There are people trying to fool you.
A message pops up warning you that malware has been detected on your computer.
What do you do?
The answer’s not as clear as you might think.
Become a Patron of Ask Leo! and go ad-free!
Scammers are constantly trying to fool you into trusting them. Your first reaction to any notification — be it of malware found, a package delivered, or that your computer is supposedly “causing problems on the internet”– should a skeptical one. Don’t blindly trust. Take the time to consider the source and make an informed decision rather than a knee-jerk reaction.
Your trust is a commodity
It’s no secret that scammers actively prey on the trusting.
But it’s not just con artists who abuse our good nature and desire to trust. Hackers, malware authors, overly aggressive salespeople — essentially anyone who wants something from us — are skilled at using your trust against your better interests.
Warning: malware detected, click to remove…
A pop-up message telling you there’s malware on your machine and directing you to “click here to fix it” is probably no big surprise to most people. With the constant barrage of news reports about hacks and malware and the ongoing emphasis on anti-malware tools, your first response to such a message may be to believe it.
“Malware? Well, it happens to so many people, it’s no surprise it happened to me!”
Except that it might not have.
That message might be completely fake. It may be trying to get you to trust it and click to take further action. “Further action” could install malware, or worse.
Or it could be legitimate.
What do you do?
Unable to deliver package, details attached…
You’ve probably received an important-looking email telling you there’s a package on its way and the details are in an attached file.
Or maybe a message says that your online email provider has detected a problem with your account, and you need to check something by clicking on a conveniently provided link.
I’ve even received email from “PayPal” telling me access to my account had been “limited” because of suspicious activity. I needed to log in to provide additional information — once again, using the provided link.1
In each case, the sender wants you to trust them and take whatever action they’ve recommended in their message, be it examining the contents of an attached file, clicking a provided link to their website, or replying to the email with sensitive information.
Abusing your trust in this manner is currently one of the most effective ways to distribute malware or hack your online accounts.
And yet, each one of those scenarios could be legitimate at times.
What do you do?
I’m from Microsoft, and we’ve detected…
You’re working on your computer one afternoon and get a phone call from someone who says they work for Microsoft, and your computer is causing many errors on the internet. They offer to walk you through some steps to show this to you, and indeed, there do seem to be lots of unexplained errors right there on your computer.
Then they offer to fix it for you if you just go to a site and type in a few numbers they recite to you.
Those errors are pretty scary looking, and you certainly don’t understand them.
What do you do?
What you do: get skeptical
Skeptic: a person who has or shows doubt about something. – Merriam Webster
If there were one skill I could magically impart to my readers — hell, on the entire technology-using, internet-loving universe — it would be healthy skepticism.
I’m not suggesting you believe nothing and trust no one. I mean that before you believe, you question, and before you trust, you learn.
Being skeptical is the only solution to the scenarios I’ve outlined above.
In each case, it’s critical that you not blindly trust the information presented to you. In each case, you must question whether or not the person or company at the other end of the message has your best interests in mind. Is the story they’re telling accurate? Verifiably accurate? Do you know beyond a doubt that they are who they say they are?
If the answer to any of those questions is “no”, or even “I’m not sure”, then stop. Stop and take additional steps to confirm what you’re being told is legitimate.

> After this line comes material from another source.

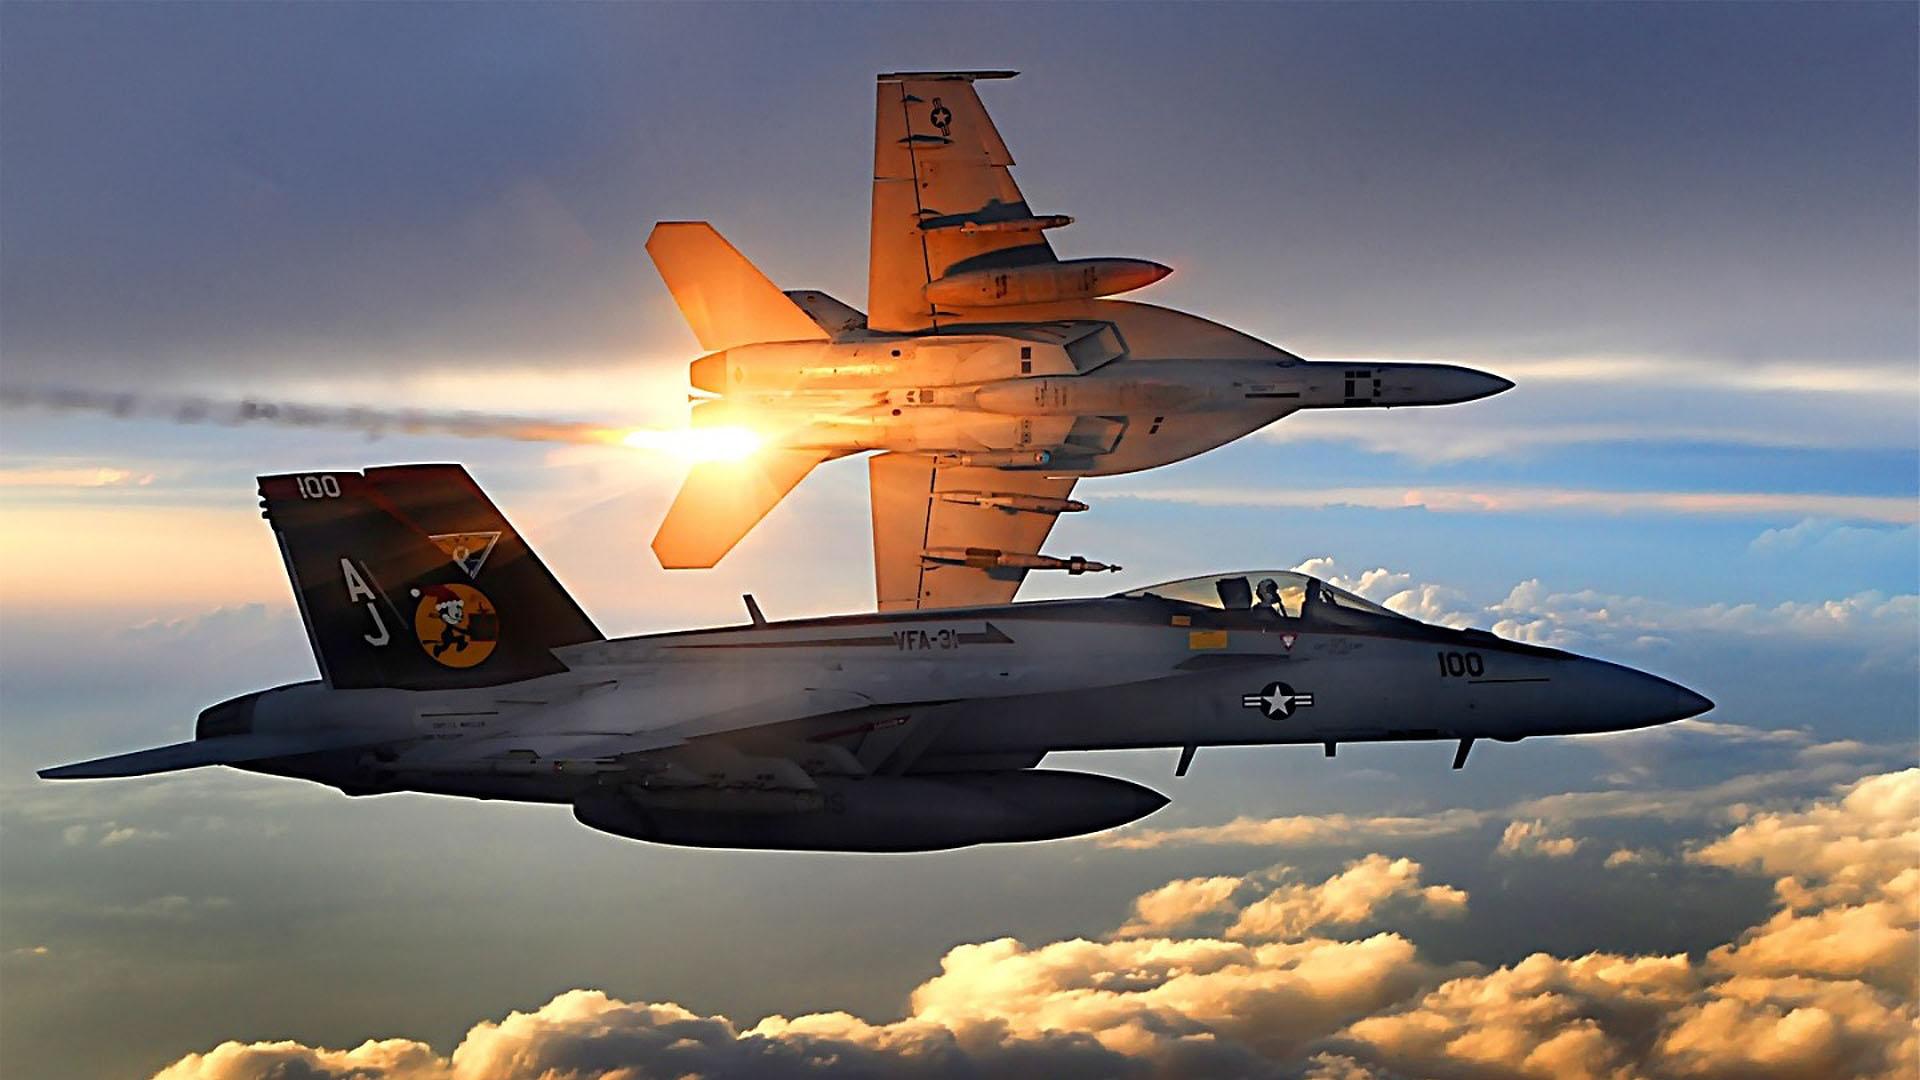 F 18 Super Hornet Wallpaper Super Hornet Wallpaper

It might mean some internet research, calling them back, or asking a trusted friend or resource for their opinion.
But question everything.
Be more skeptical: it’s a skill that helps prevent disasters before they happen and keeps you and your technology safe.
Nullius in verba.
“Take nobody’s word for it.”2
It’s more than just technology. My plea to be skeptical and question everything is about far more than the technology you have sitting in front of you.

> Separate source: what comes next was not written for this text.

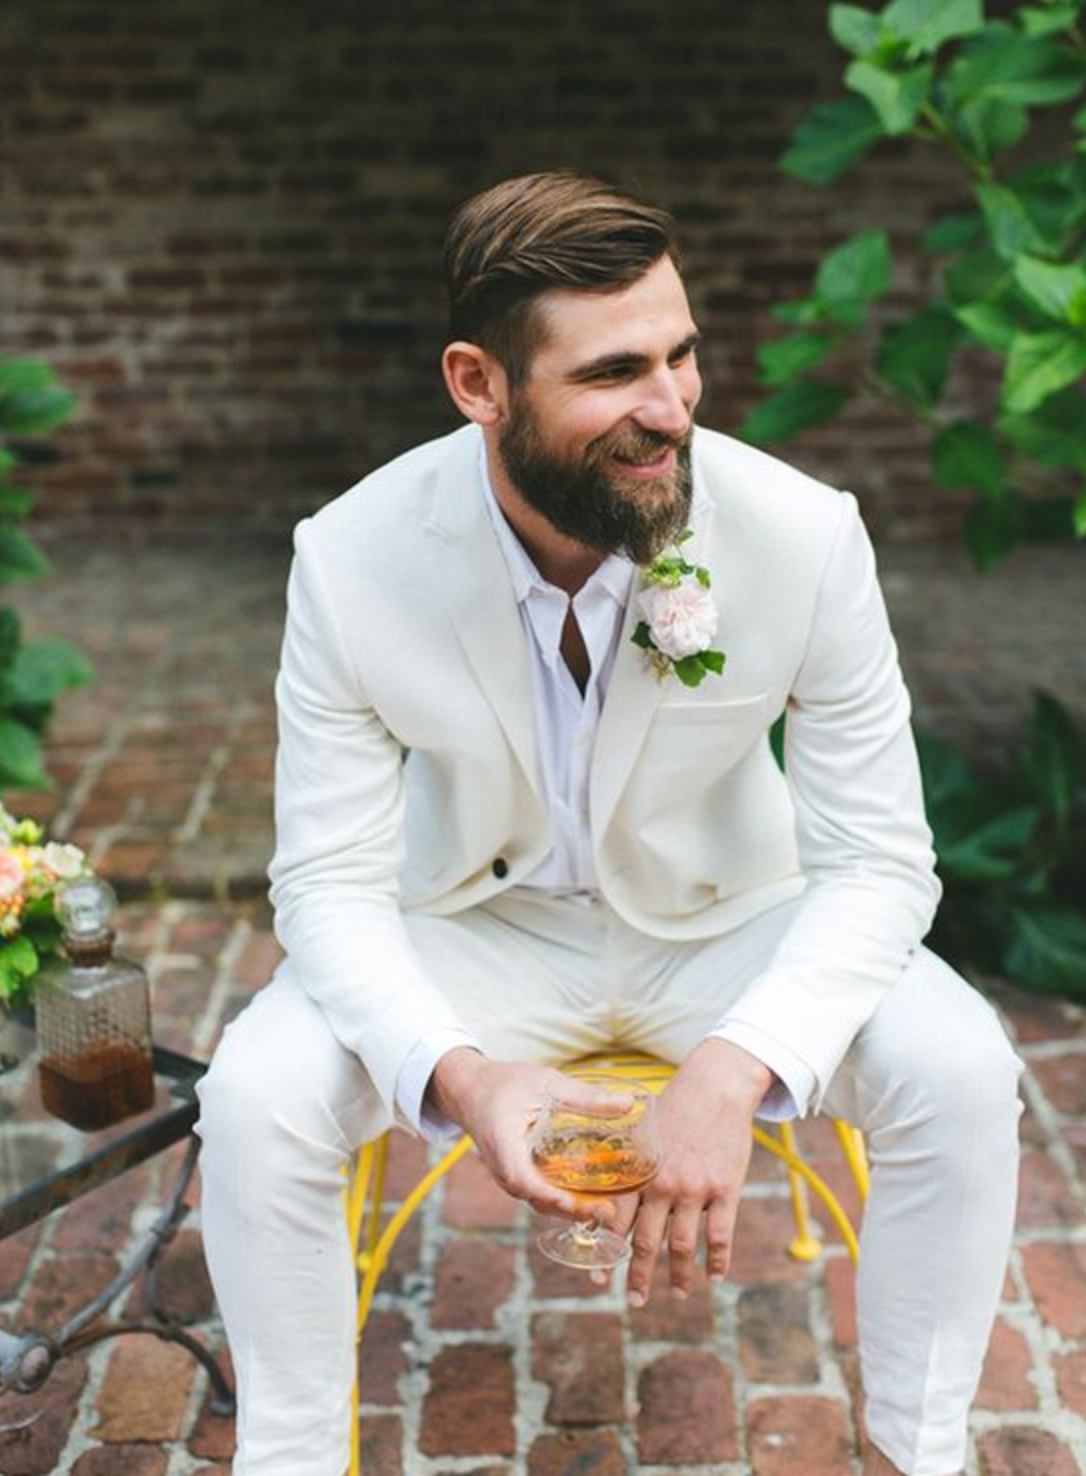 All White Suit Summer Wedding Ideas Grooms Groom

As I’ve written about before, an amazing amount of the information we’re shown each day is completely bullsh*t — or at least nuanced and presented in such a way as to cause you to believe that things are other than they truly are.
Add our natural tendency to believe that which supports what we already believe (known as the “echo chamber” or “confirmation bias”), and it’s easy to be mislead and misinformed.
The solution remains the same:
…even things you already believe are true.
Footnotes & References
2: Nullius in verba, besides being the motto of The President, Council, and Fellows of the Royal Society of London for Improving Natural Knowledge, is a very fancy way of saying “question everything”.